- [Information supplied]
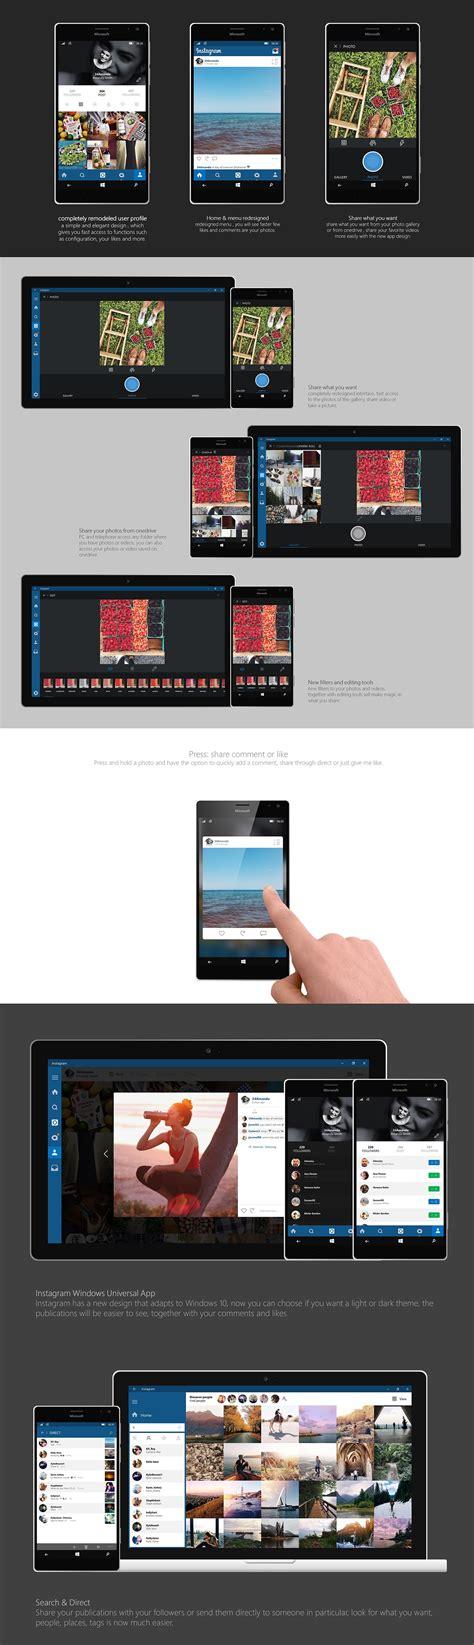 graphic design instagram app instagram universal app for windows 10 on behance
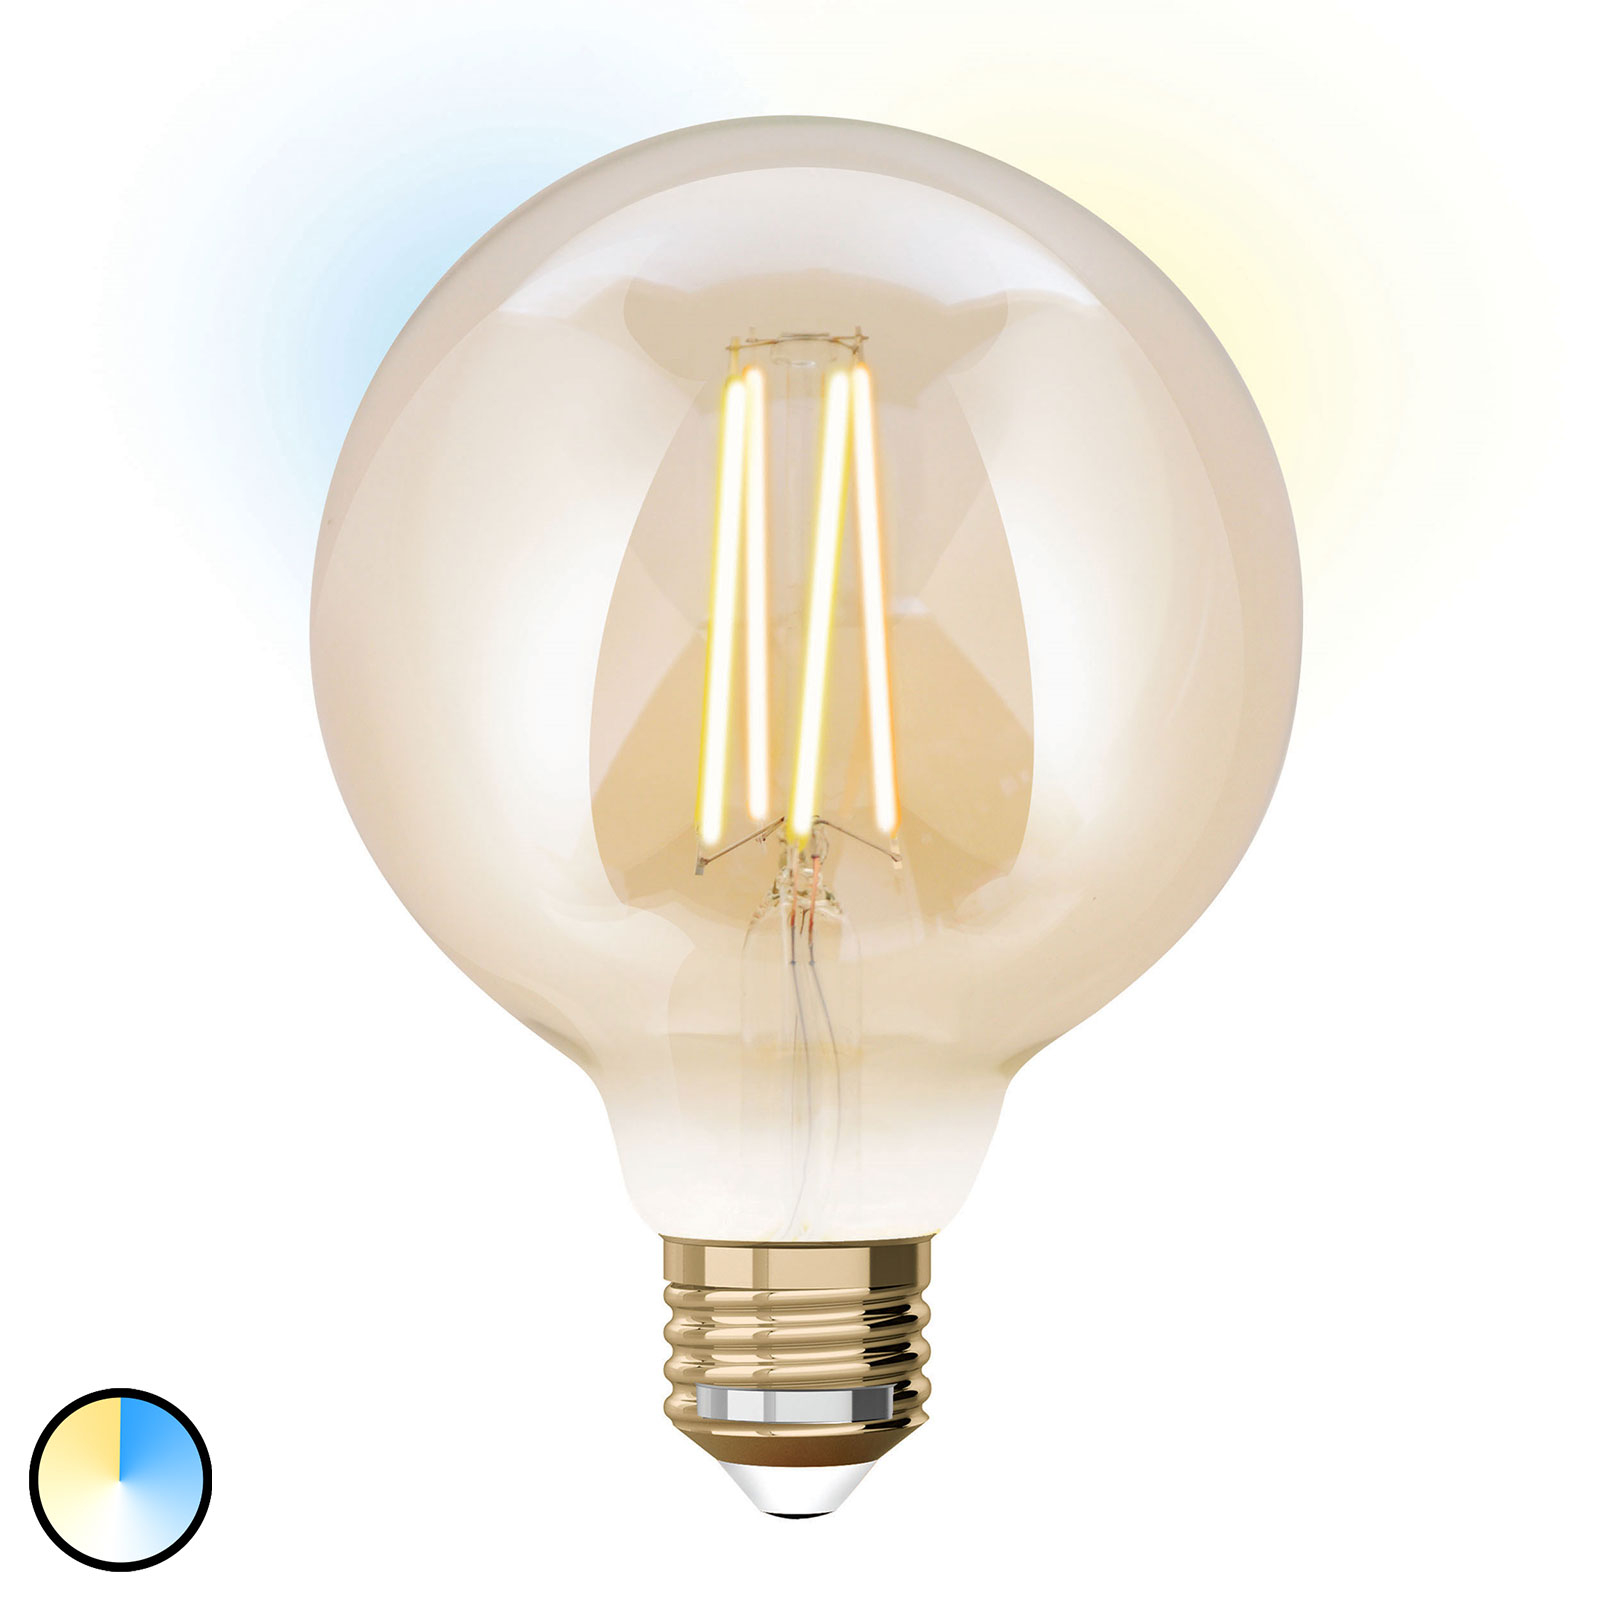 iDual LED-globlampa E27 9 W utvidgning 9,5 cm
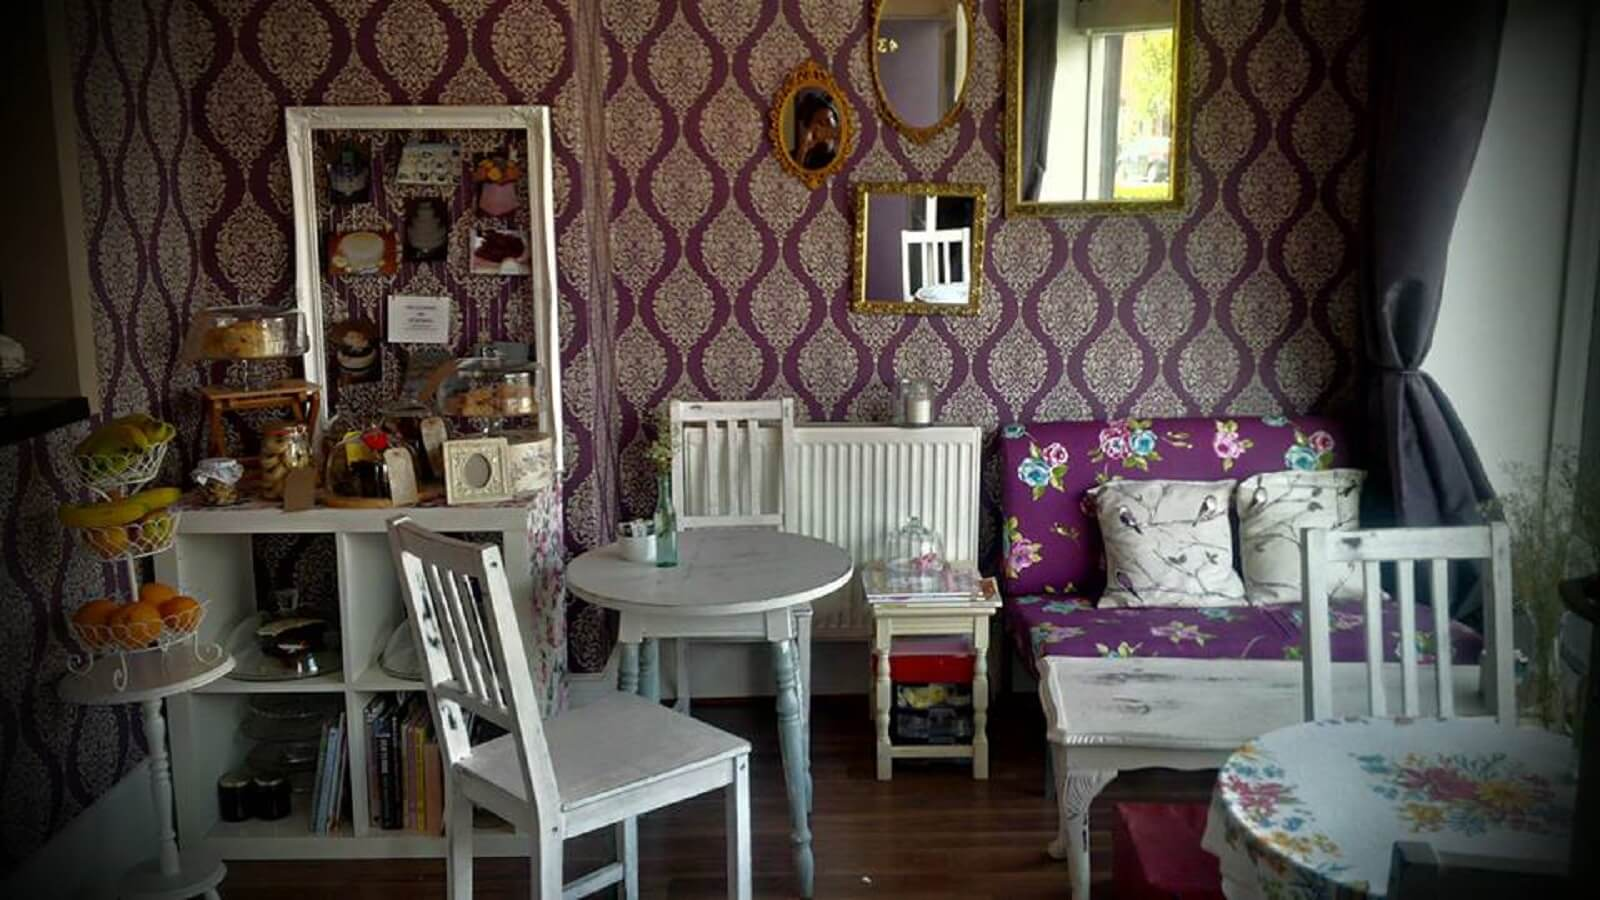 Lia's Cakes & Tearoom

- [Task goal]
An exact copy of the whole listing is required, minus the pictures.

- [Completed task]
 graphic design instagram app instagram universal app for windows 10 on behance
 iDual LED-globlampa E27 9 W utvidgning 9,5 cm
 Lia's Cakes & Tearoom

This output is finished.